Processing or generating files, sending emails or any other non-critical tasks should be done in the background.
How Does Background Processing Work?
There are two key components in the background processing approach: job queue and worker(s). The application creates jobs that should be handled while workers are waiting and taking from the queue one job at a time.
You can create multiple worker instances (processes) to speed up processing, chop a big job up into smaller chunks and process them simultaneously. It’s up to you how you want to organize and manage background processing, but note that parallel processing isn’t a trivial task: you should take care of potential race conditions and handle failed tasks gracefully.
Our tech stack
We’re using the Beanstalkd job queue to store jobs, the Symfony Console component to implement workers as console commands and Supervisor to take care of worker processes.
If you’re using Homestead Improved, Beanstalkd and Supervisor are already installed so you can skip the installation instructions below.
Installing Beanstalkd
Beanstalkd is
a fast work queue with a generic interface originally designed for reducing the latency of page views in high-volume web applications by running time-consuming tasks asynchronously.
There are many client libraries available that you can use. In our project, we’re using Pheanstalk.
To install Beanstalkd on your Ubuntu or Debian server, simply run sudo apt-get install beanstalkd
. Take a look at the official download page to learn how to install Beanstalkd on other OSes.
Once installed, Beanstalkd is started as a daemon, waiting for clients to connect and create (or process) jobs:
/etc/init.d/beanstalkd
Usage: /etc/init.d/beanstalkd {start|stop|force-stop|restart|force-reload|status}
Install Pheanstalk as a dependency by running composer require pda/pheanstalk
.
The queue will be used for both creating and fetching jobs, so we’ll centralize queue creation in a factory service JobQueueFactory
:
<?php
namespace App\Service;
use Pheanstalk\Pheanstalk;
class JobQueueFactory
{
private $host = 'localhost';
private $port = '11300';
const QUEUE_IMAGE_RESIZE = 'resize';
public function createQueue(): Pheanstalk
{
return new Pheanstalk($this->host, $this->port);
}
}
Now we can inject the factory service wherever we need to interact with Beanstalkd queues. We are defining the queue name as a constant and referring to it when putting the job into the queue or watching the queue in workers.
Installing Supervisor
According to the official page, Supervisor is a
client/server system that allows its users to monitor and control a number of processes on UNIX-like operating systems.

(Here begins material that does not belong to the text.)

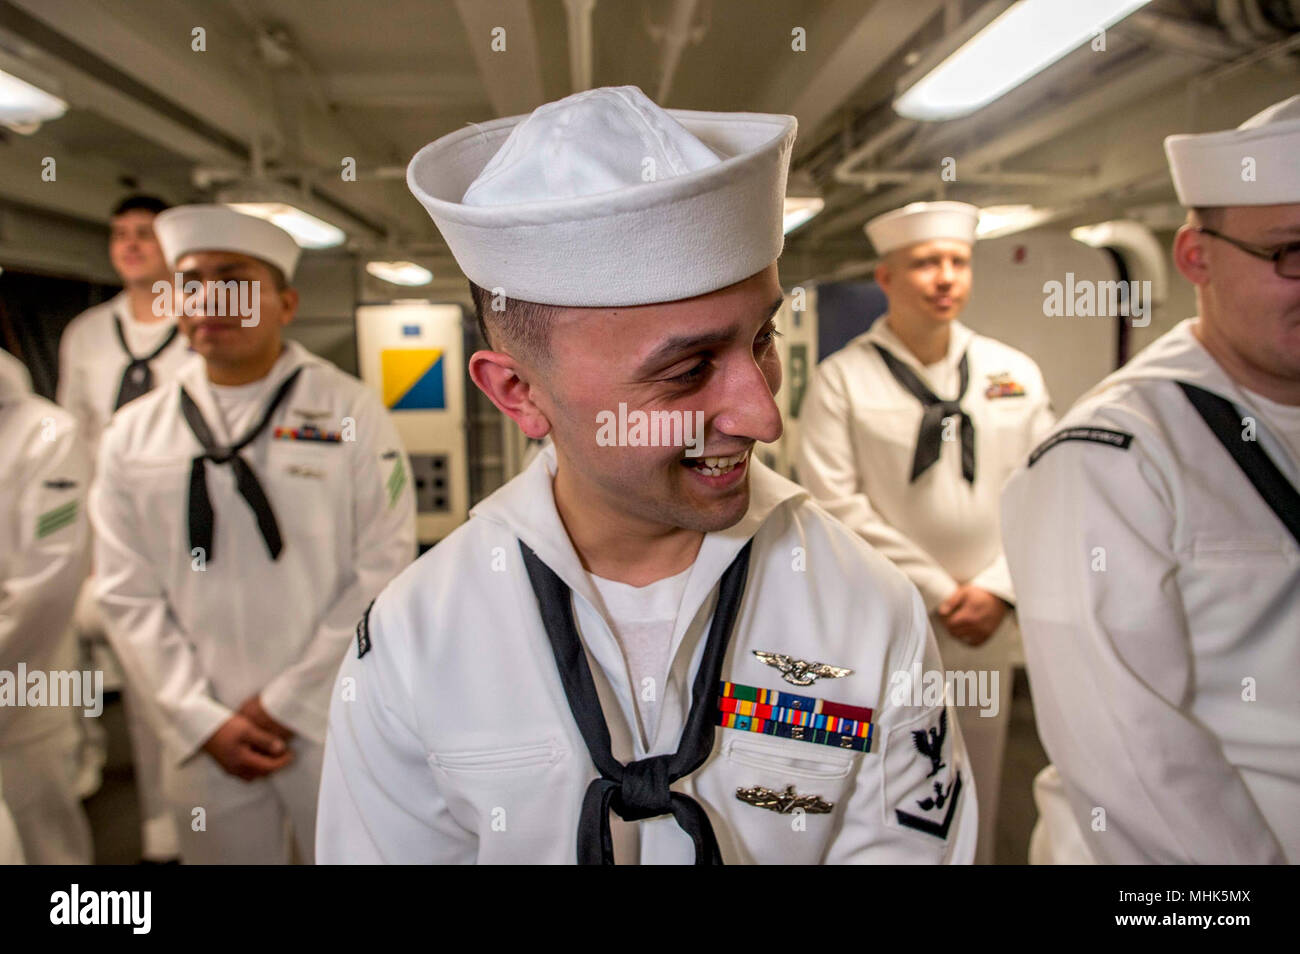 NORFOLK, Va. (March 20, 2018) Aviation Ordnanceman 3rd Class Julio Pino laughs after a service dress white uniform inspection aboard the aircraft carrier USS George H.W. Bush (CVN 77). The ship is in port in Norfolk, Virginia, conducting sustainment exercises to maintain carrier readiness. (U.S. Navy Stock Photo

We’ll be using it to start, restart, scale and monitor worker processes.
Install Supervisor on your Ubuntu/Debian server by running
sudo apt-get install supervisor
. Once installed, Supervisor will be running in the background as a daemon. Use supervisorctl
to control supervisor processes:
$ sudo supervisorctl help
default commands (type help <topic>):
=====================================
add exit open reload restart start tail
avail fg pid remove shutdown status update
clear maintail quit reread signal stop version
To control processes with Supervisor, we first have to write a configuration file and describe how we want our processes to be controlled. Configurations are stored in /etc/supervisor/conf.d/
. A simple Supervisor configuration for resize workers would look like this:
[program:resize-worker]
process_name=%(program_name)s_%(process_num)02d
command=php PATH-TO-YOUR-APP/bin/console app:resize-image-worker
autostart=true
autorestart=true
numprocs=5
stderr_logfile = PATH-TO-YOUR-APP/var/log/resize-worker-stderr.log
stdout_logfile = PATH-TO-YOUR-APP/var/log/resize-worker-stdout.log
We’re telling Supervisor how to name spawned processes, the path to the command that should be run, to automatically start and restart the processes, how many processes we want to have and where to log output. Learn more about Supervisor configurations here.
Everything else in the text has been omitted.